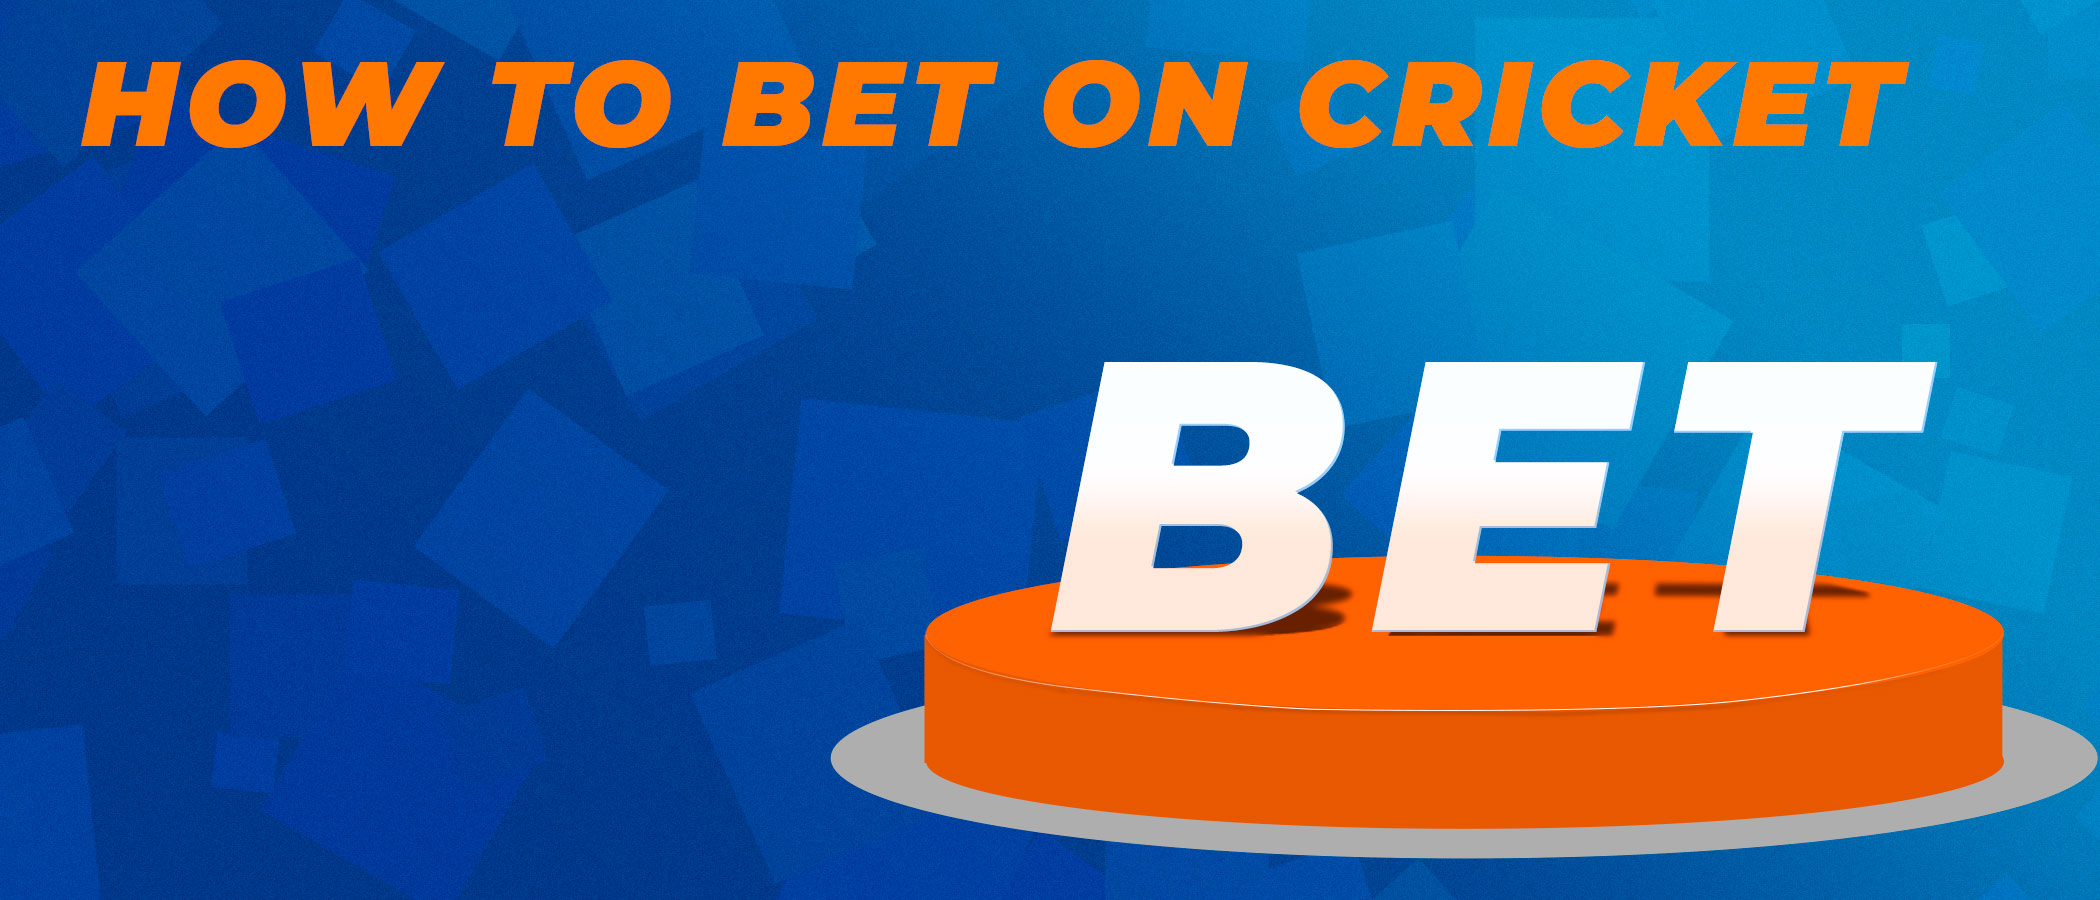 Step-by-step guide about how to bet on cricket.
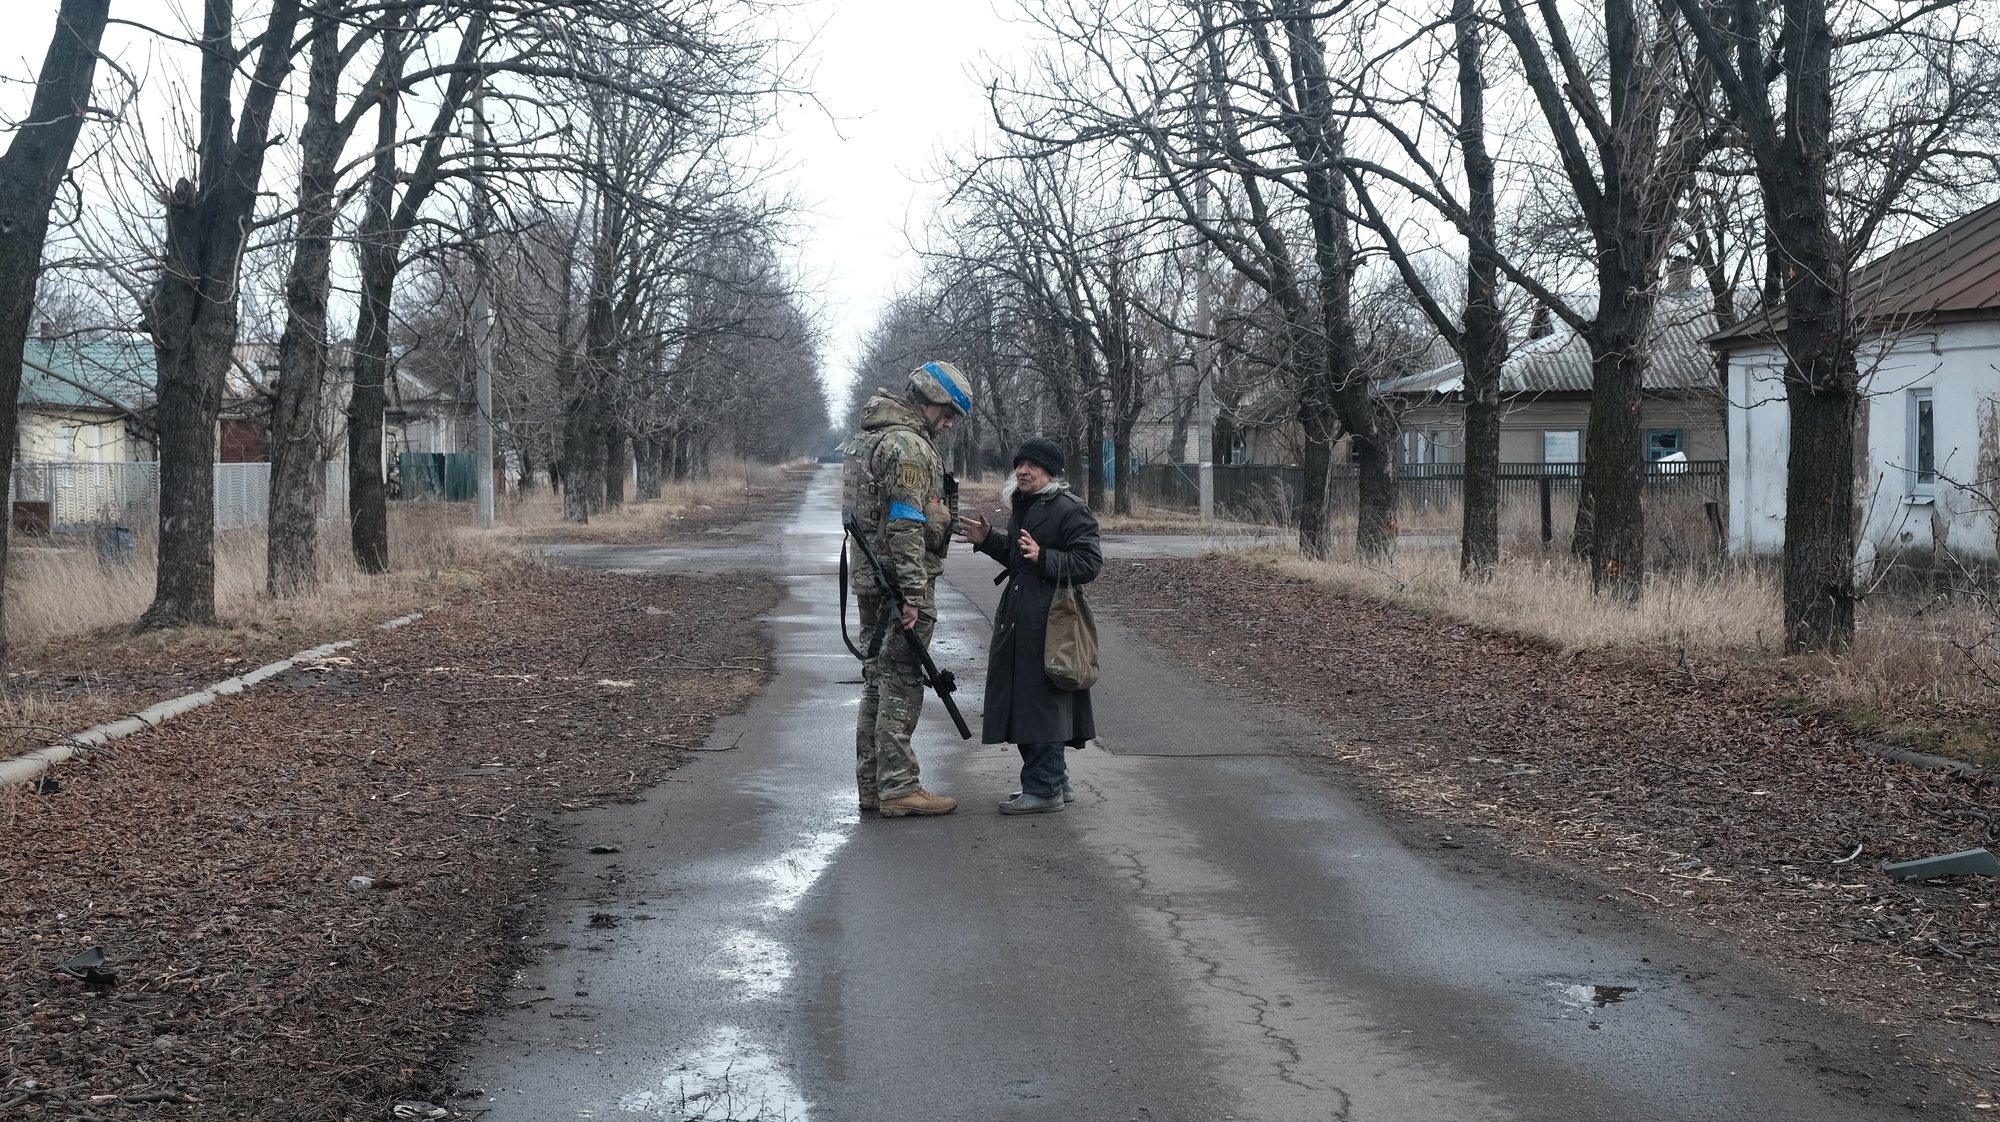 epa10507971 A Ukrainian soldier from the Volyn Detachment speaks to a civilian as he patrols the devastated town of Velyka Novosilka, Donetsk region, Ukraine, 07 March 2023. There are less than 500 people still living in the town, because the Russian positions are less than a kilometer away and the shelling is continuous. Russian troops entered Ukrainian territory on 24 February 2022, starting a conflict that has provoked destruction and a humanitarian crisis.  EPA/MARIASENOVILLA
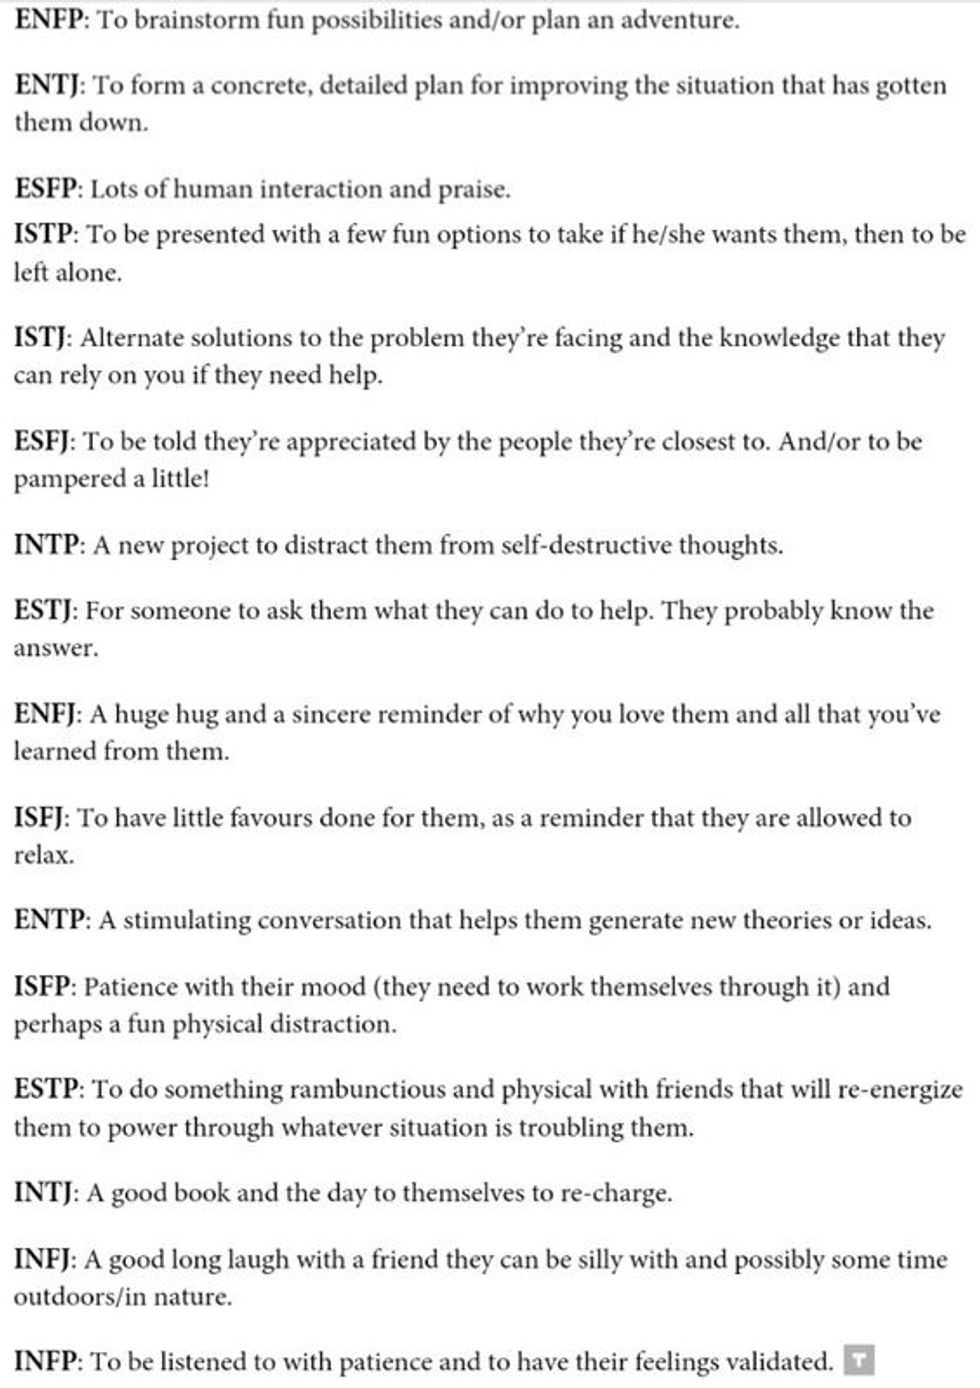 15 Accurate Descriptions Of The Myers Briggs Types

------------------------------------------------

▶ YOUR OBJECTIVE:
Omit each picture, then return all of the listing exactly as it stands.

▶ YOUR RESPONSE:
 Step-by-step guide about how to bet on cricket.
 epa10507971 A Ukrainian soldier from the Volyn Detachment speaks to a civilian as he patrols the devastated town of Velyka Novosilka, Donetsk region, Ukraine, 07 March 2023. There are less than 500 people still living in the town, because the Russian positions are less than a kilometer away and the shelling is continuous. Russian troops entered Ukrainian territory on 24 February 2022, starting a conflict that has provoked destruction and a humanitarian crisis.  EPA/MARIASENOVILLA
 15 Accurate Descriptions Of The Myers Briggs Types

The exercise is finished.